Other Vegan Prebiotics & Probiotics preparations in Ayurveda

Asava & Arishtas



Ayurveda pharmaceutics have therapeutic preparations termed Asava & Arishtas (fermentation preparation) that are fermented products.


Asava are formulations that are prepared without the application of heat

Arishtas are prepared by subjecting the drugs to the process of heat.

These preparations probably have the effect of probiotics and prebiotics.



Sandhana kalpana (fermentation preparation)

It is mentioned in Ayurveda which is prepared with Drava Dravya (liquid materials) along with other medicinal drugs that are put in a closed inert vessel for a specified time period to carry out fermentation. Sandhana kalpana is mainly classified into two :


  1. Madhya kalpana(alcoholic preparation)

  2. Shukta kalpana (acidic preparation).

Madya sandhana kalpana (alcoholic preparation) are classified as Sura, Sidhu, Varuni and Asava- Arishtas. Sura is prepared by keeping completely boiled rice for fermentation, the clear supernatant fluid of Sura is prasanna, the slightly thicker part is kadambari, the thicker and lower part is jagala, medaka is thicker than jagala and the left-over portion after filtration is termed as surabeeja or vakkasa or kinwa.


Shukta Varga kalpana (acidic preparation) includes aerobic spoilage processes brought about by film forming yeast and acetic acid bacteria, both of which grow at the expense of alcohol; converting it to acetic acid or to carbon dioxide and water in which the product is called chukra.



The rice based fermented products are believed to confer more health benefits over dairy-based products.

Pakwa rasa sidhu- is prepared by fermenting sweet juice of different fruits without boiling them

Aapakwa rasa sidhu is prepared by fermenting sweet juice of different fruits, etc. after boiling them.

Varuni is prepared by fermenting the juice of tala (palm, Borassus flabellifor linn) and Kharjura (date palm, Phoenix dactyliferra linn).

Shukta Kalpas : Shukta is a preparation made by fermenting tubers, roots, fruits, etc. with oil and salt in liquid.



What Probiotics Do for You?

Probiotics do a number of helpful things for your mind and body.



  1. Improve Your Digestion: When your microbiome is well balanced, you experience healthier digestion. Research shows that symptoms such as bloating, diarrhea, and various forms of inflammatory bowel disease (IBD) will improve with a diet rich in nature-made probiotics.

  2. Restore Your Microbiome: After Taking Antibiotics: When you treat an infection or pathogen with antibiotics, many of your good bacteria are killed off along with the bad. Researchers have found that using natural probiotics after a treatment of antibiotics can help reduce antibiotic-associated diarrhea.

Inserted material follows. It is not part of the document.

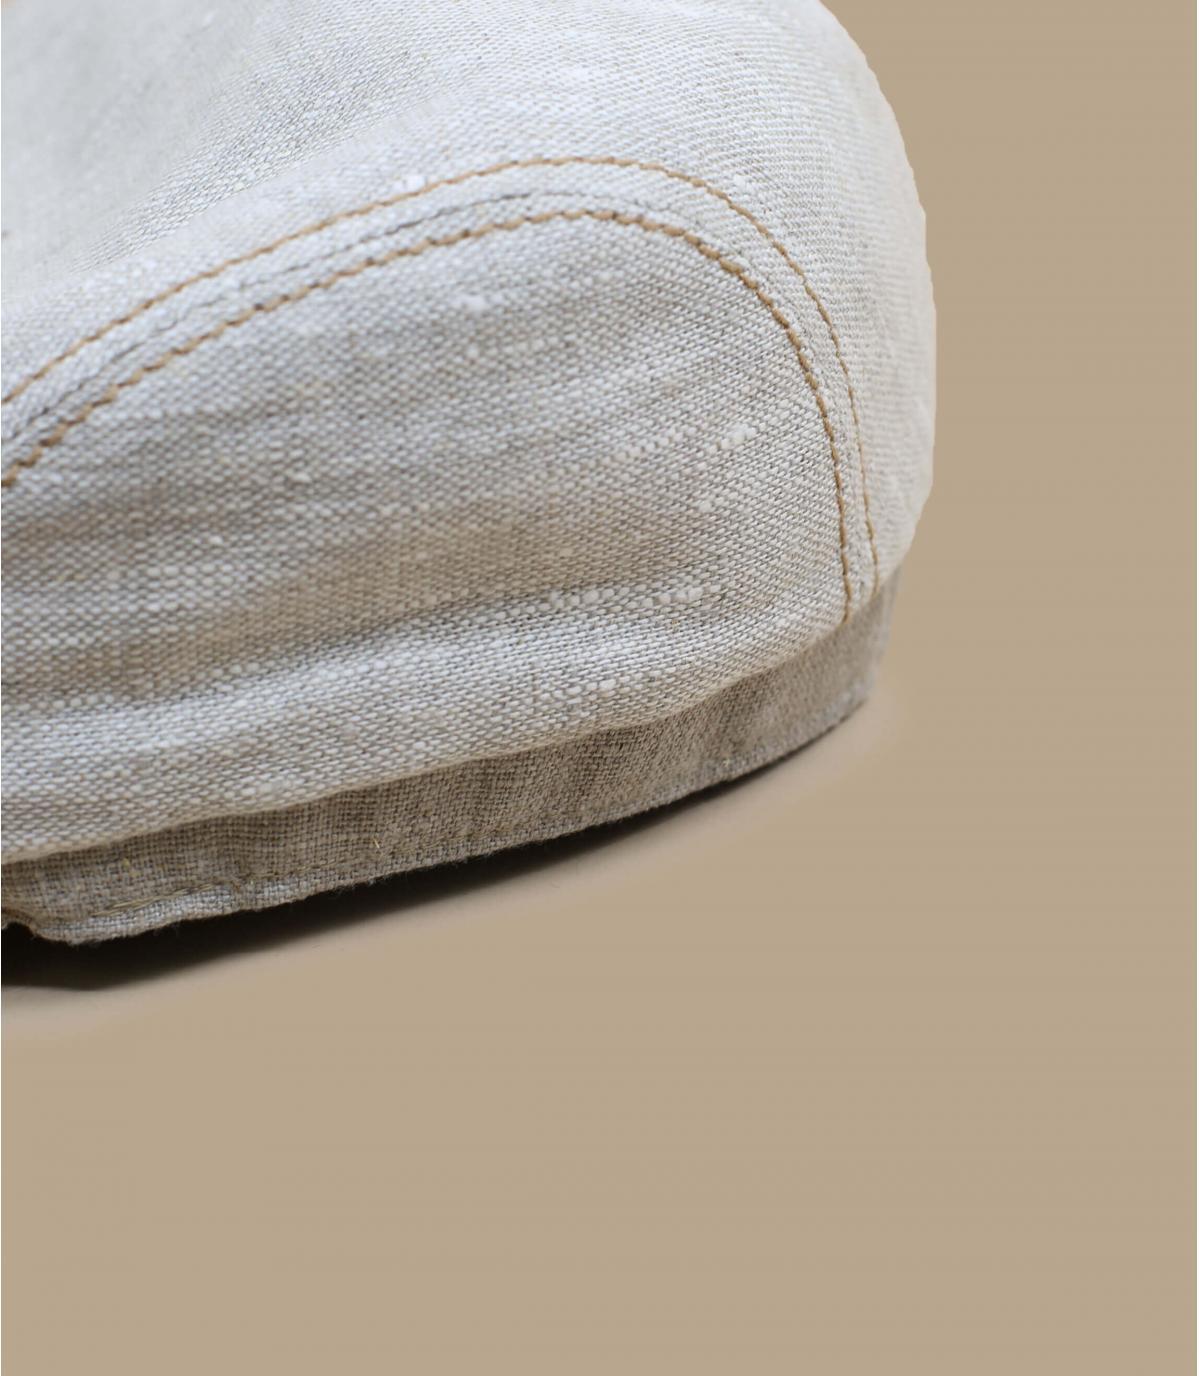 Détails Liverpool Lino delave Bic grege beige - image 2

  3. Keep Your Immune System Strong: Probiotics enhance immune function through supporting the regeneration of the intestinal lining, keeping the bad bacteria from entering the bloodstream and therefore supporting the overall health of the immune system.

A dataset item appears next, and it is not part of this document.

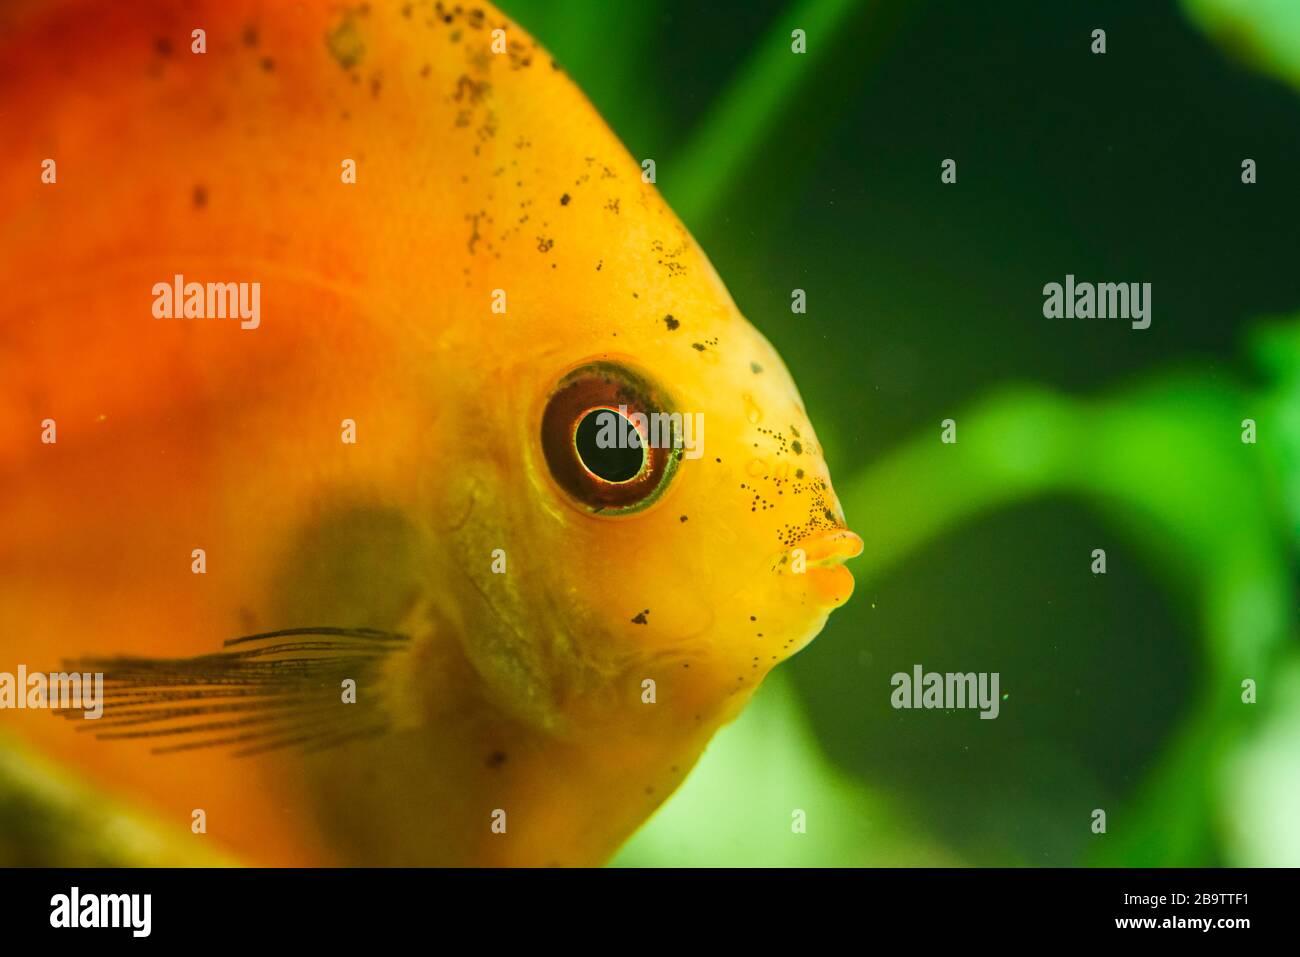 Portrait of a red orange tropical Symphysodon discus fish in a fishtank. Stock Photo

  4. Uplift Your Mood: Did you know that 90 percent of your body’s Serotonin (a neurotransmitter that plays an important role in regulating mood, appetite, and sleep) is produced in your digestive tract? Often called the “second brain,” your microbiome has a direct impact on your brain chemistry.

  5. Reduce Autoimmune Symptoms: If the gut microbiome is well-nourished and balanced, it can improve some of the common symptoms associated with autoimmune disease. Eating a diet that is rich in probiotics has proven to be a therapeutic approach to treating autoimmune disease.